According to Xu et al. (2007) the fusion of the genes that code for the domains AICARFT and IMPCH originating the PurH was favored during evolution once FAICAR, product of the AICARFT domain of PurH, is spontaneously converted into its precursor, AICAR. Therefore, the origin of PurH contributed to accelerate the conversion of FAICAR into IMP by the domain IMPCH. The hypothesis proposed by Xu et al. (2007) for the origin of PurH, implies that the domains AICARFT and IMPCH coded by two distinct genes was the ancestral condition of the PBP and therefore, organisms with the PurH in their genomes would have an adaptive advantage. Zhang, Morar, et al. (2008) speculated that although there is no tunnel or channel between the domains AICARFT and IMPCH of PurH, there is a predominance of positive charges between them, what favors the transfer of FAICAR from the domain AICARFT to the domain IMPCH, corroborating the suggestions made by Xu et al. (2007) for the origin of PurH. However, our results show that purV and purJ are functionally involved in the PBP in bacteria, like was proposed by Brown et al. (2011) for Archaea. The domains AICARFT and IMPCH of the human PurH produce peptides able to catalyze their respective enzymatic reactions (Rayl et al. 1996). These results indicate that AICARFT and IMPCH do not need to be fused to perform their catalytic reactions. Therefore, the fact that the domains AICARFT and IMPCH are coded by distinct genes in many living OTUs of the domains Archaea and Bacteria does not implicate that these two genes cannot catalyze the last two steps of the PBP. The experimental characterization of the peptides encoded by these genes will certainly bring more information on their catalytic mechanisms and evolution.

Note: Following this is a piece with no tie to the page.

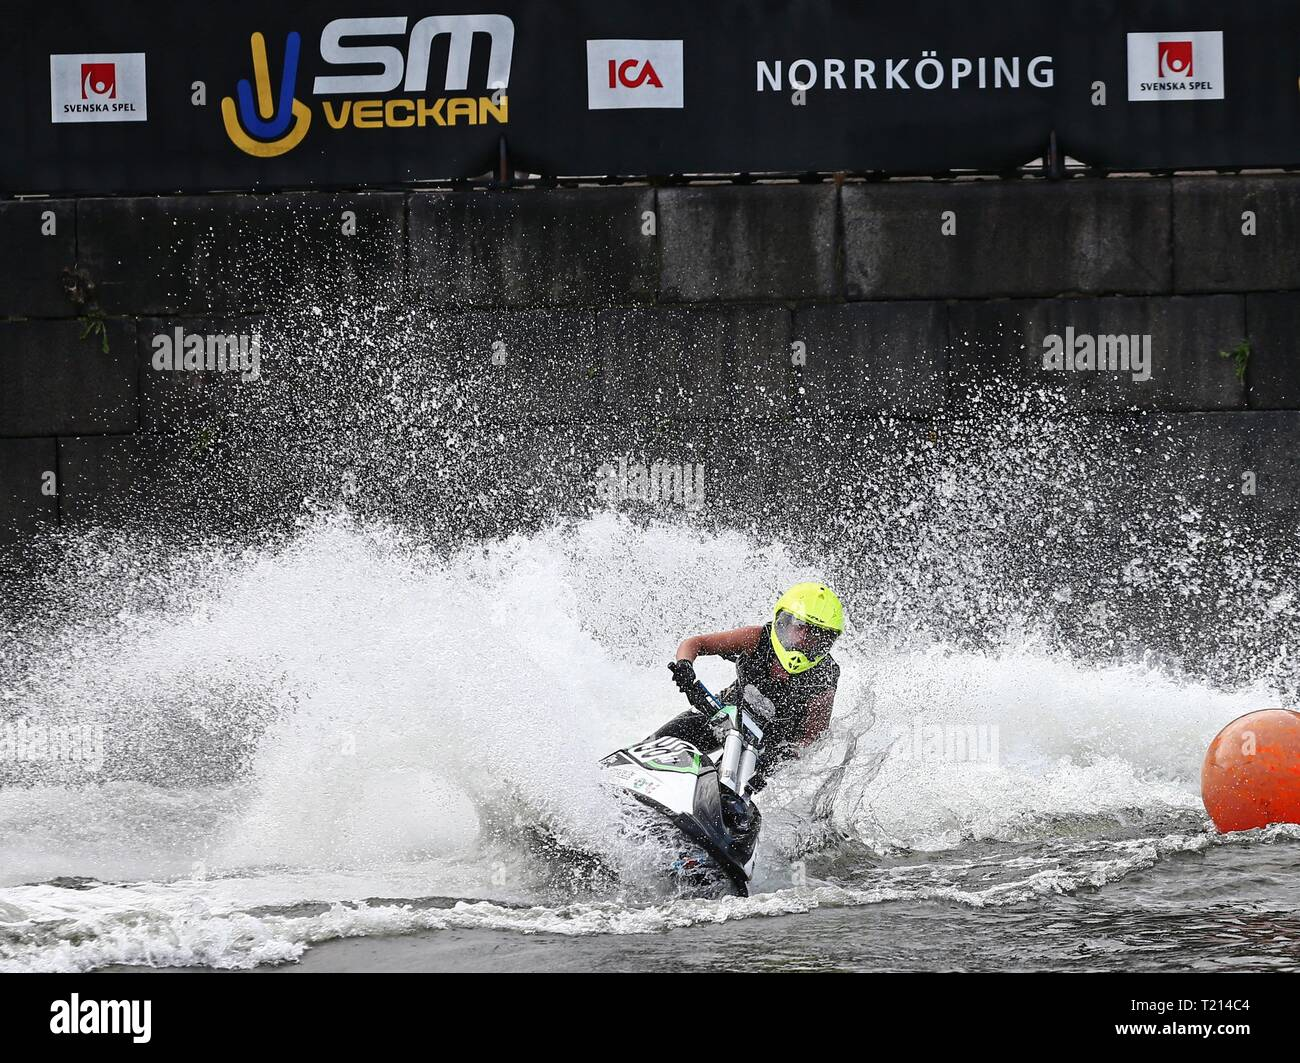 NORRKÖPING 2016-07-10 Nr 98 Emma-Nellie Örtendahl, Orust JSK, på Jetski i Motala ström SM veckan i Norrköping.       Foto Jeppe Gustafsson Stock Photo
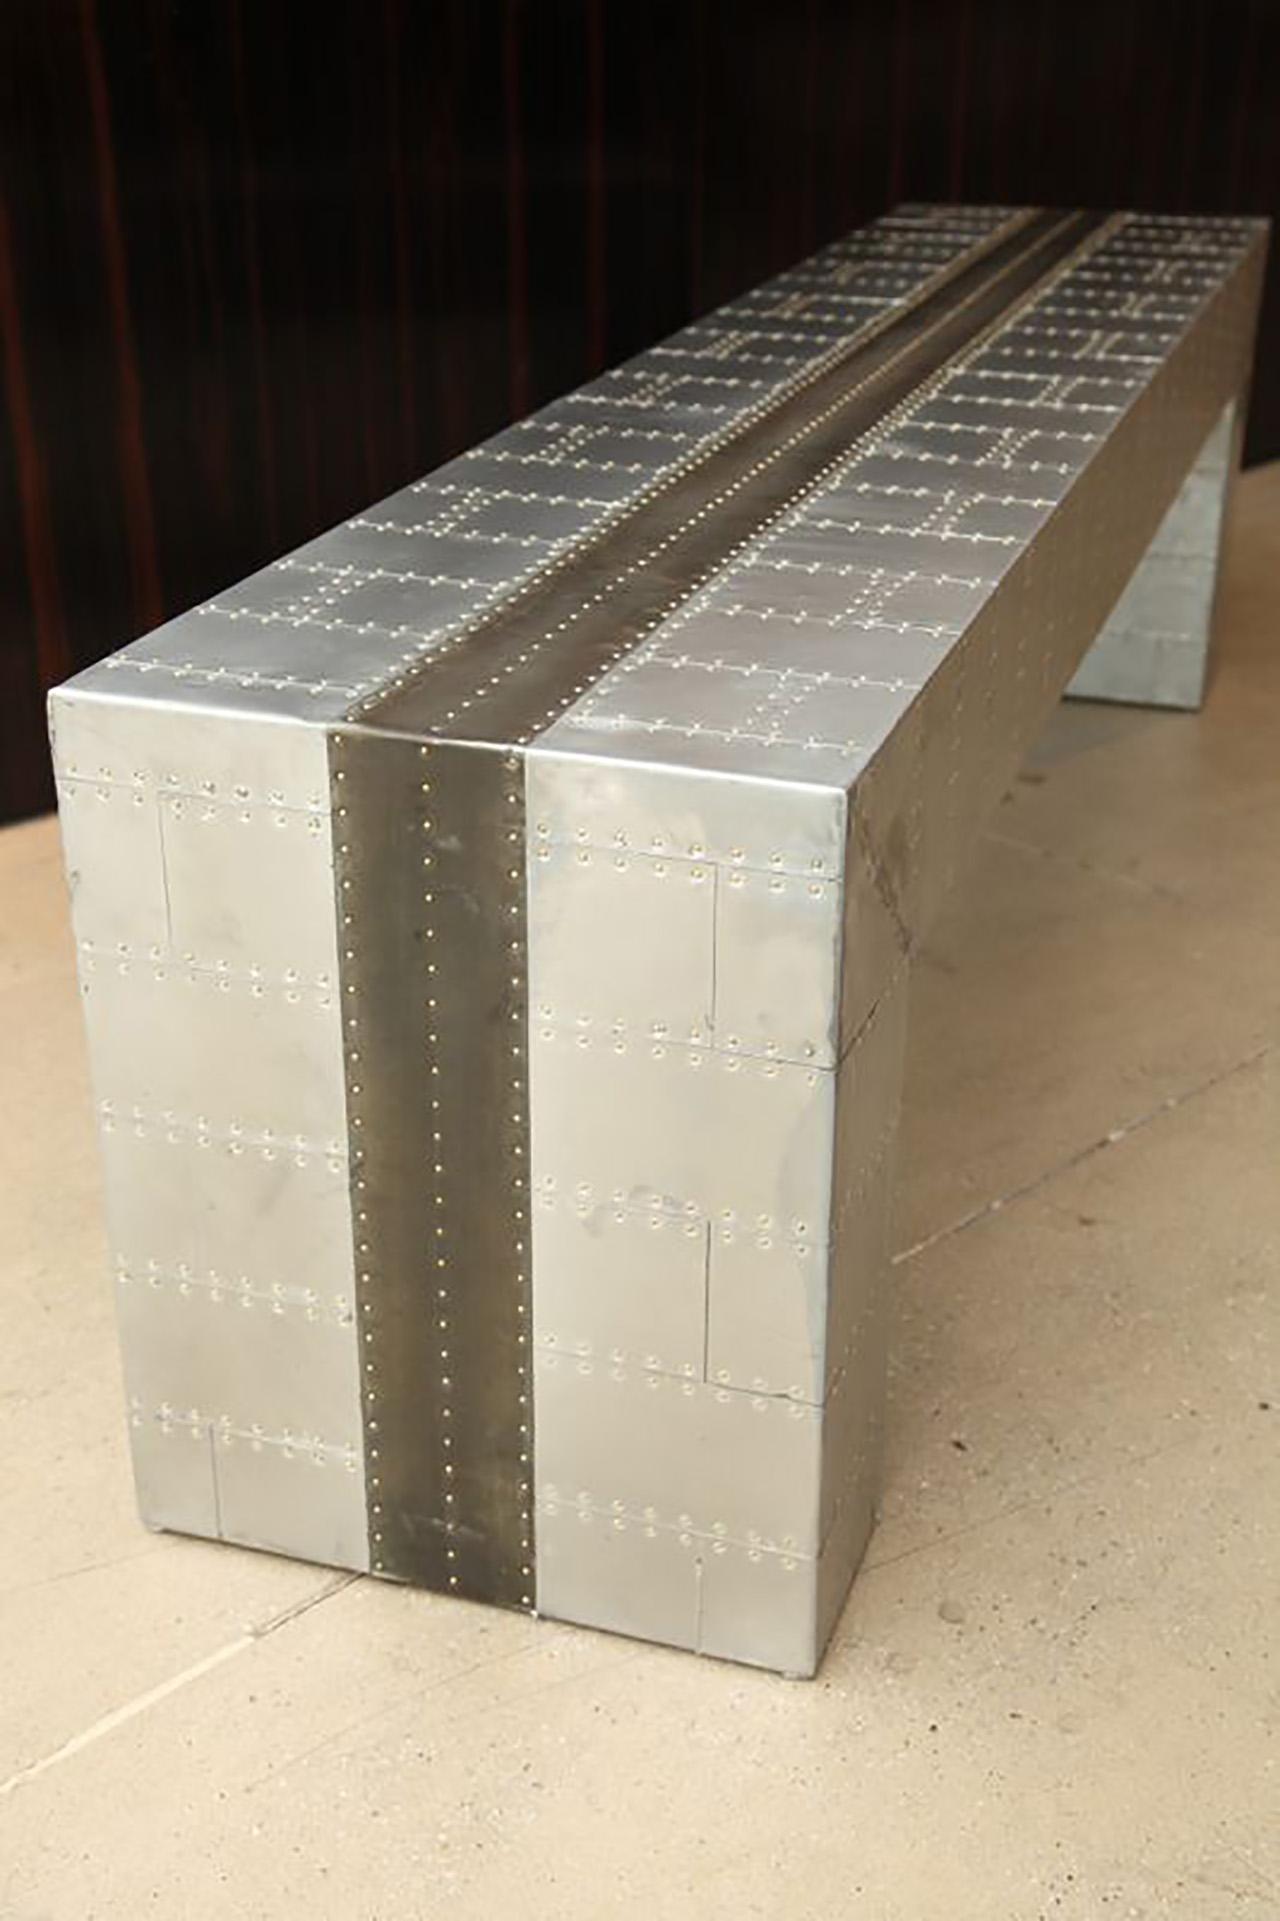 Sheet Zinc with Rivets Bench - La Bastille

The molecular phylogeny of the PurOs indicates that the ancestral form of this enzyme was present in the common ancestor of the domains Archaea and Bacteria. An alternative hypothesis to the origin of bacterial PurOs would be the lateral transfer of an archaeal PurO to an ancient bacterium. But, in this case, the bacterial PurOs would have emerged within the group of archaeal PurOs in the phylogenetic tree, which was not the case. Based on these considerations, we inferred that the ancestral PurO was present in the common ancestor of Archaea and Bacteria. The absence of purO in the majority of the analyzed bacterial genomes would be the result of losses of this gene during species diversification in this domain. Taking these results into consideration, purO can no longer be considered a signature of the domain Archaea, as previously suggested (Graupner et al. 2002; Ownby et al. 2005; Zhang, Morar, et al. 2008; Zhang, White, et al. 2008; Armenta-Medina et al. 2014).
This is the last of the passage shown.